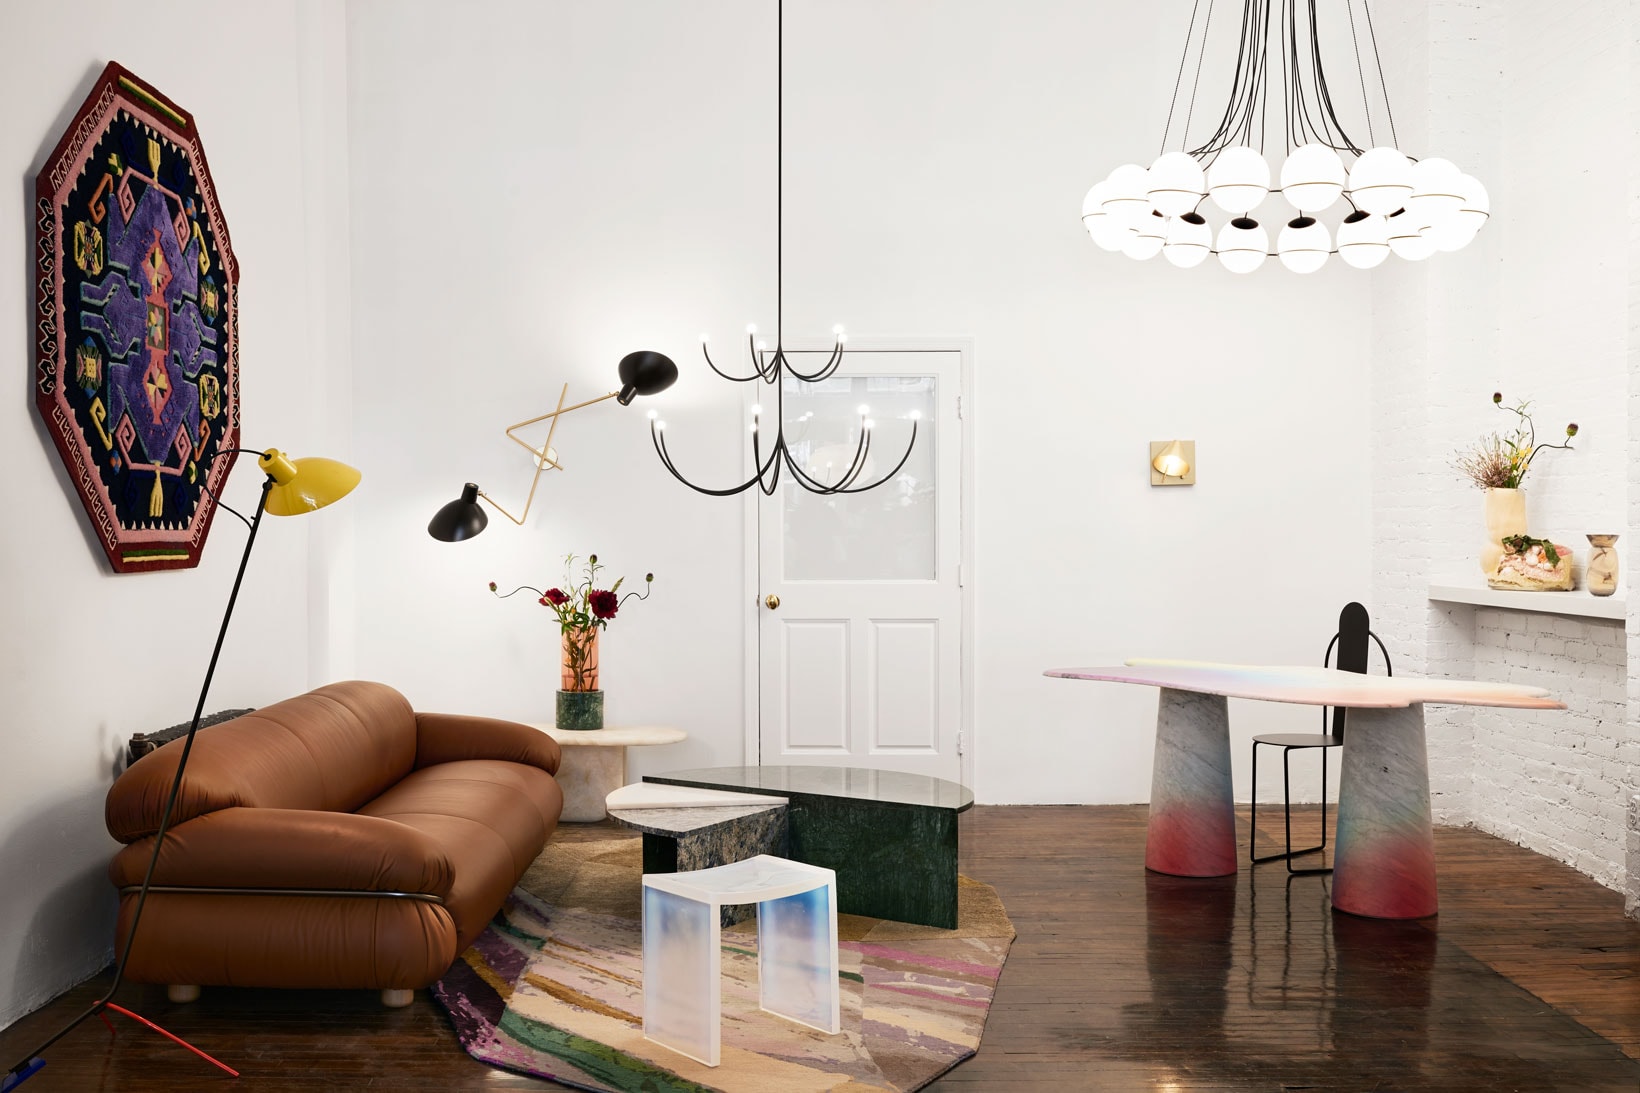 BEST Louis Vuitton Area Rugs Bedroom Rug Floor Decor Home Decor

* * *

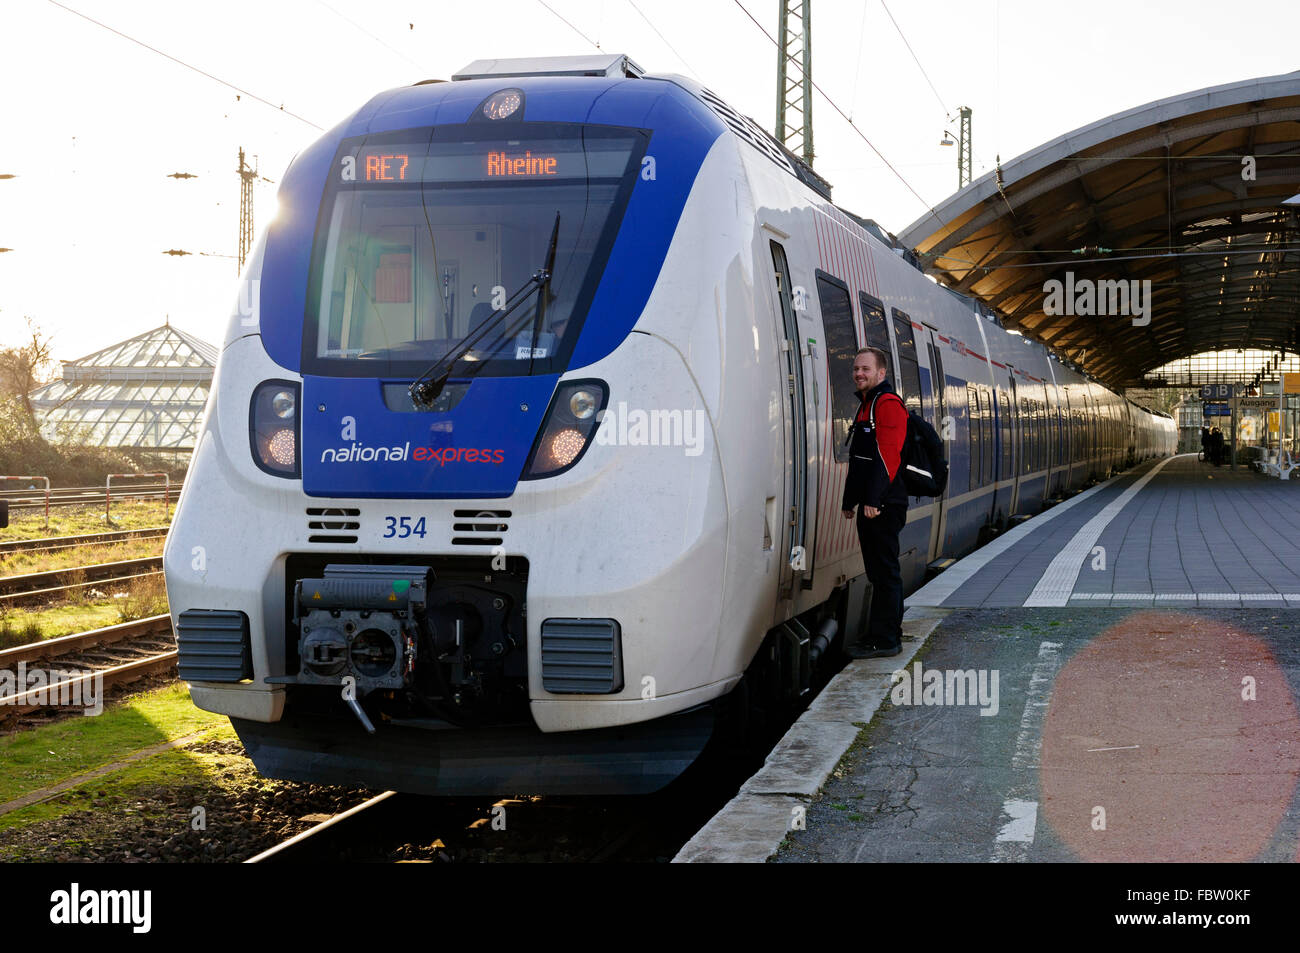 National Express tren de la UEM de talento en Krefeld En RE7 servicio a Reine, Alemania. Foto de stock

--

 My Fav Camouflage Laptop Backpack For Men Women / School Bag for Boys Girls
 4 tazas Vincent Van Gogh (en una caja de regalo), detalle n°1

Task: From the data above, output only the lines between the line containing "My Fav Camouflage" and the line containing "4 tazas Vincent", inclusive, exactly as written.

Solution to this exercise:
 My Fav Camouflage Laptop Backpack For Men Women / School Bag for Boys Girls
 4 tazas Vincent Van Gogh (en una caja de regalo), detalle n°1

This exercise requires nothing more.